• Required work: When the listing below reaches the line that has "Mahmoud Ahmadinejad: The", start reproducing exactly; stop after the line that has "Wood Storks in the wild nesting", and drop the pictures.

• Exercise material:
=== Section Start ===

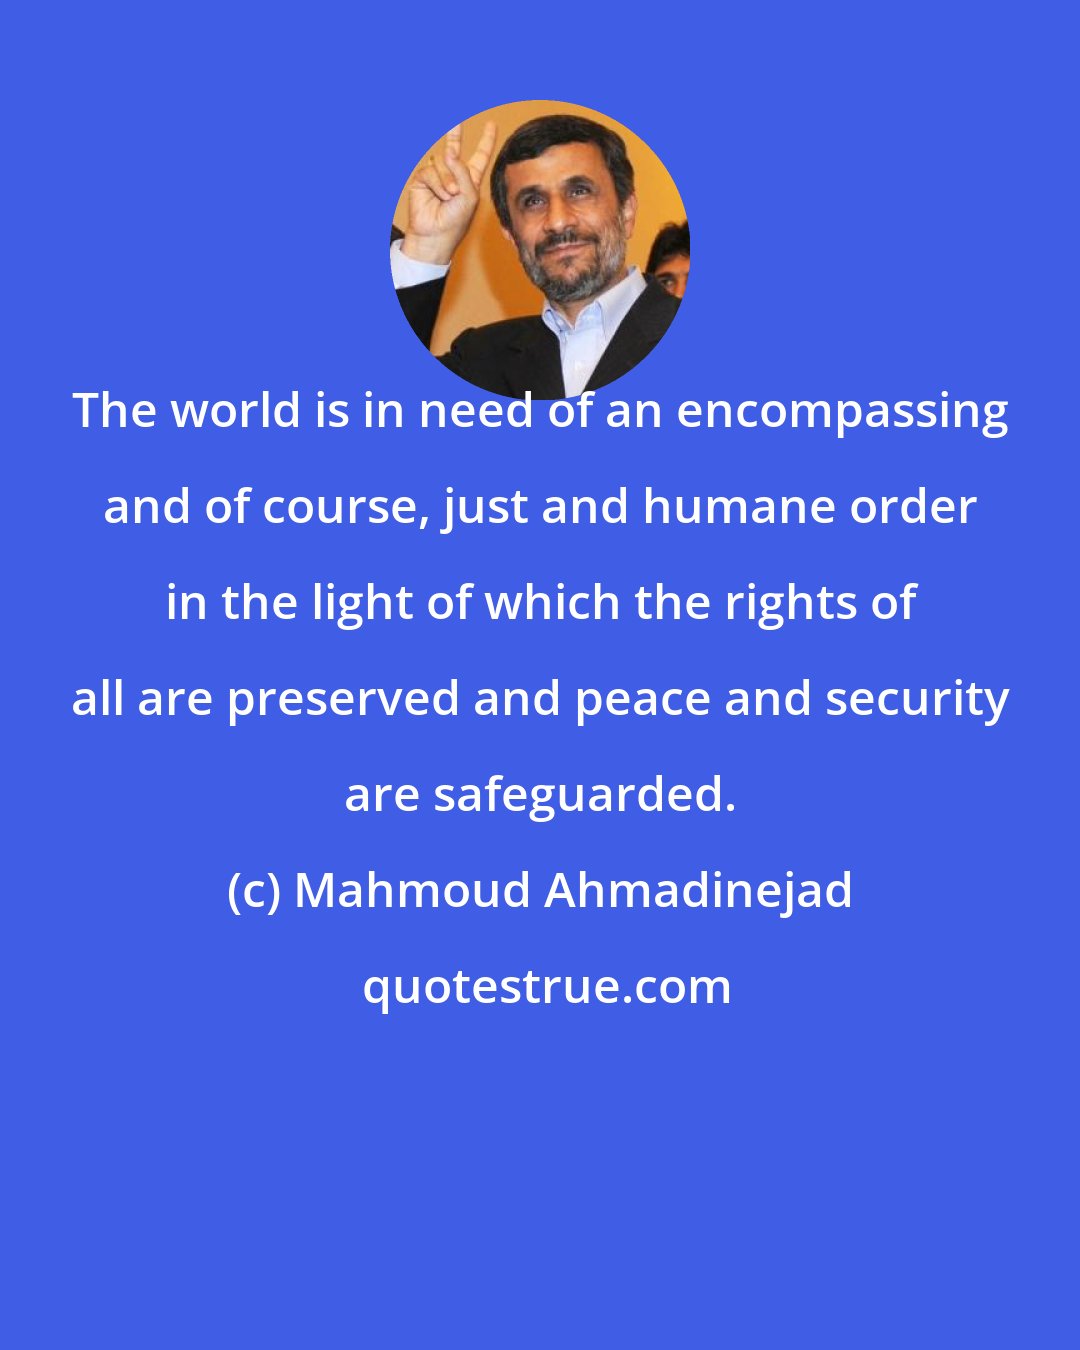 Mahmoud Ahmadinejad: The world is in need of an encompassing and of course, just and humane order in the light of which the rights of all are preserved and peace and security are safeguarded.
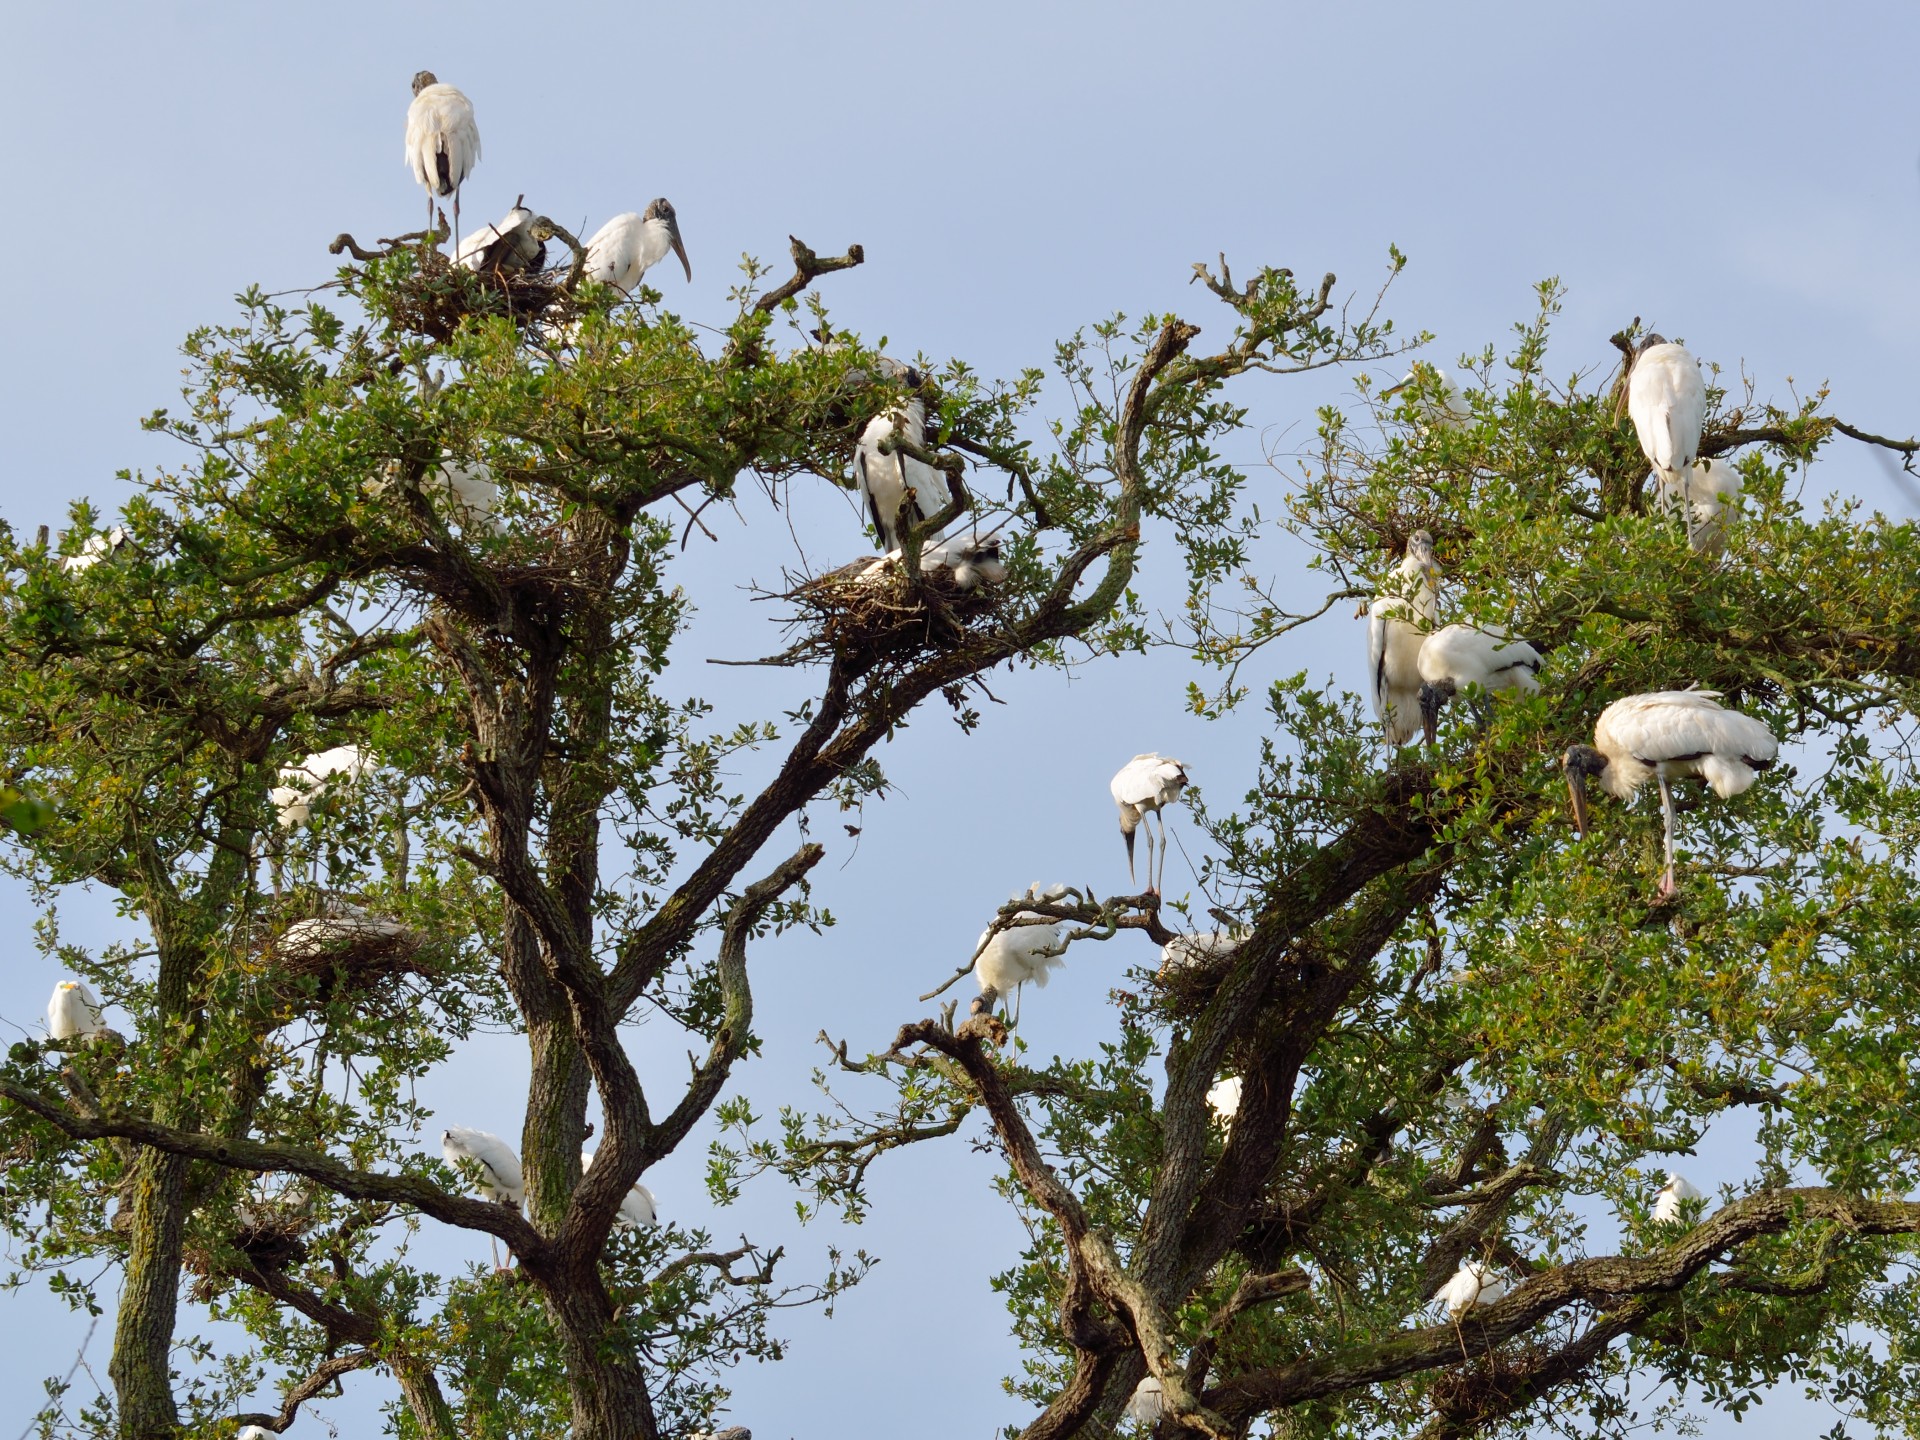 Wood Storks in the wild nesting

=== Section End ===
=== Section Start ===

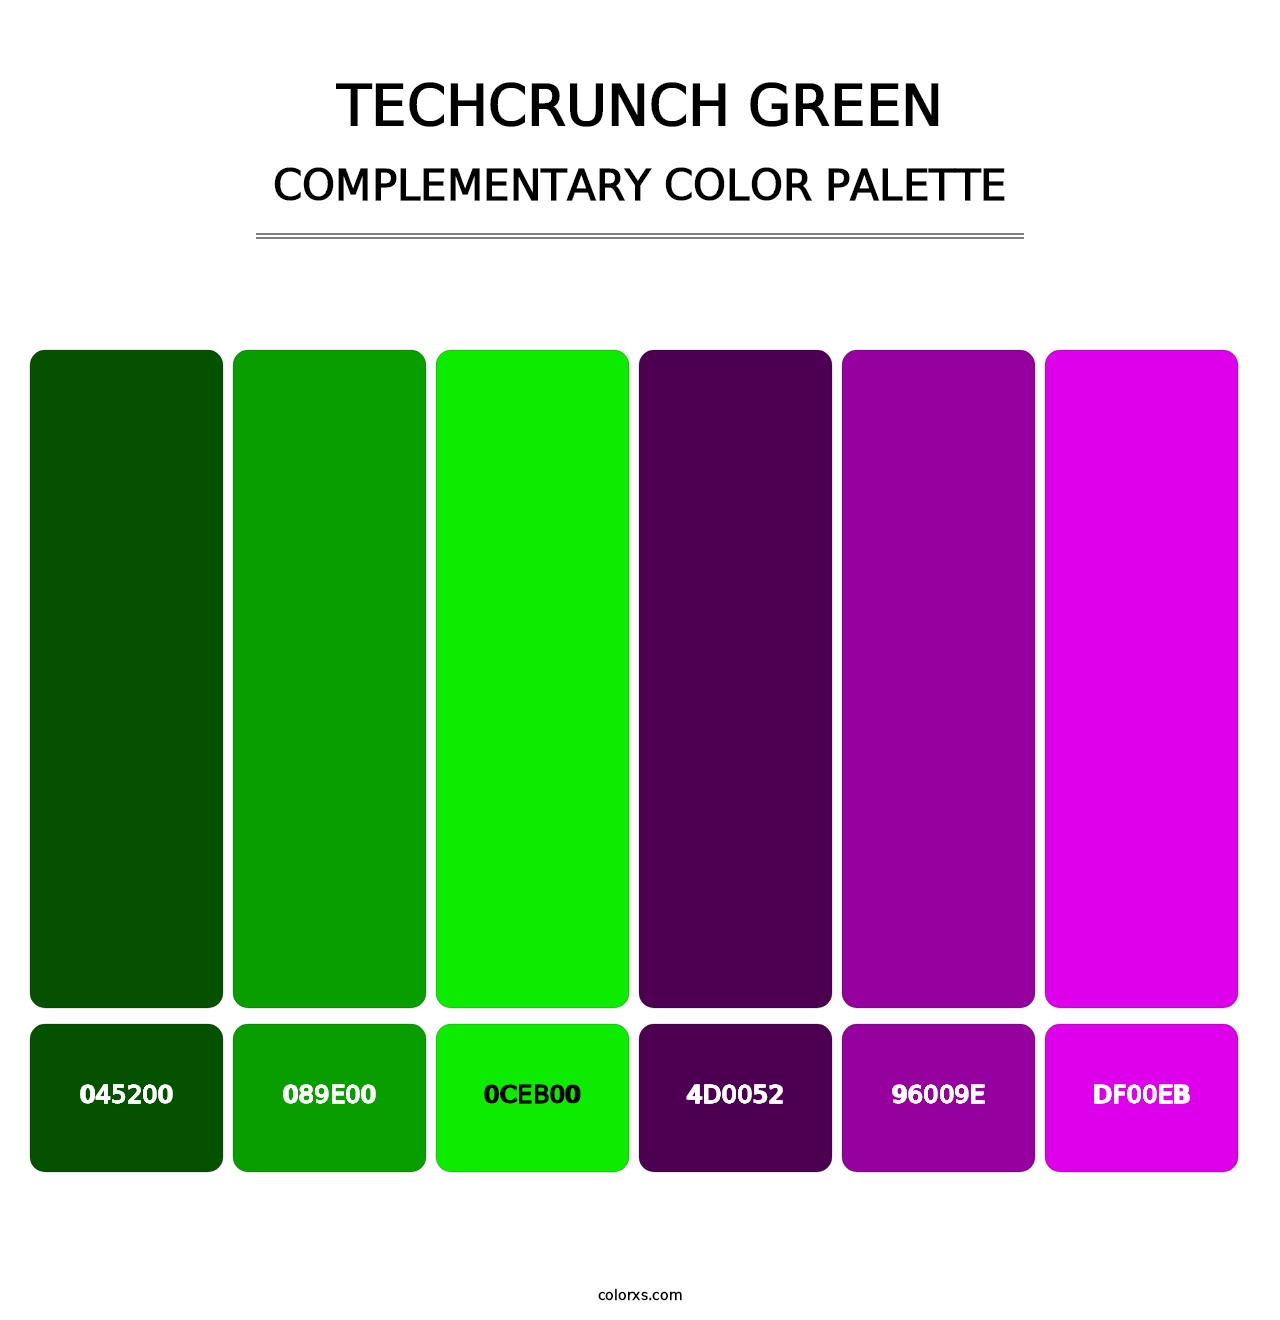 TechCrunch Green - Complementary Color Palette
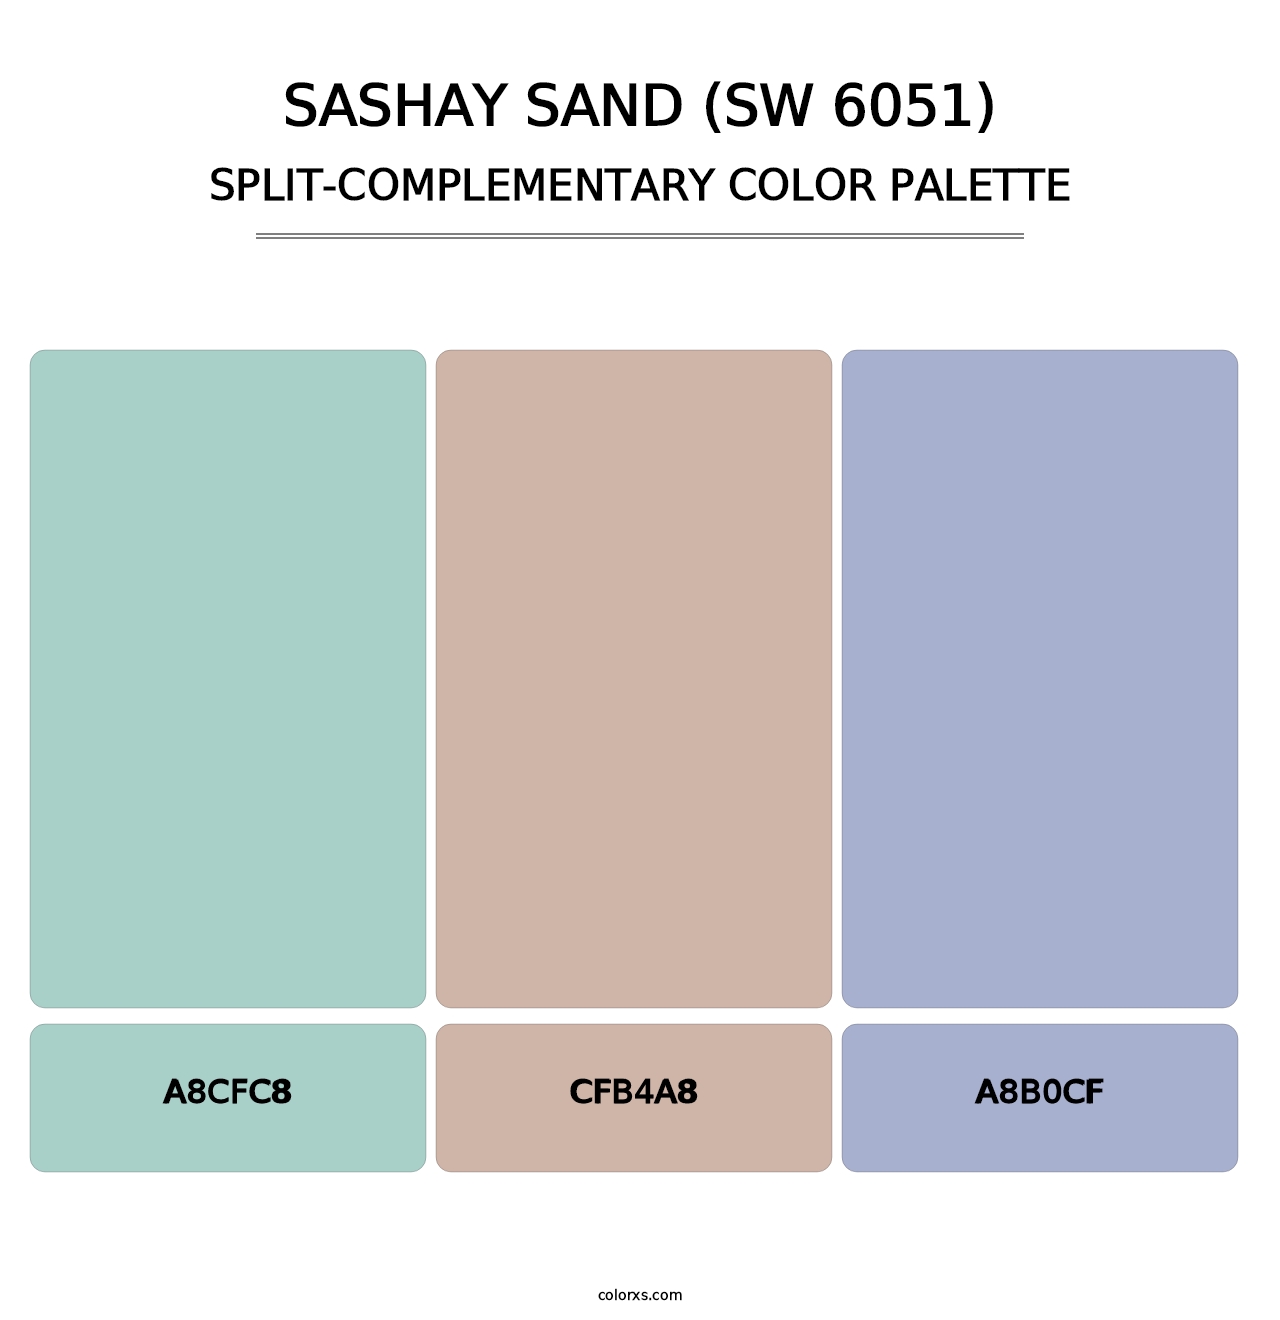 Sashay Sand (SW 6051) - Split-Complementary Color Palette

=== Section End ===

• The answer:
 Mahmoud Ahmadinejad: The world is in need of an encompassing and of course, just and humane order in the light of which the rights of all are preserved and peace and security are safeguarded.
 Wood Storks in the wild nesting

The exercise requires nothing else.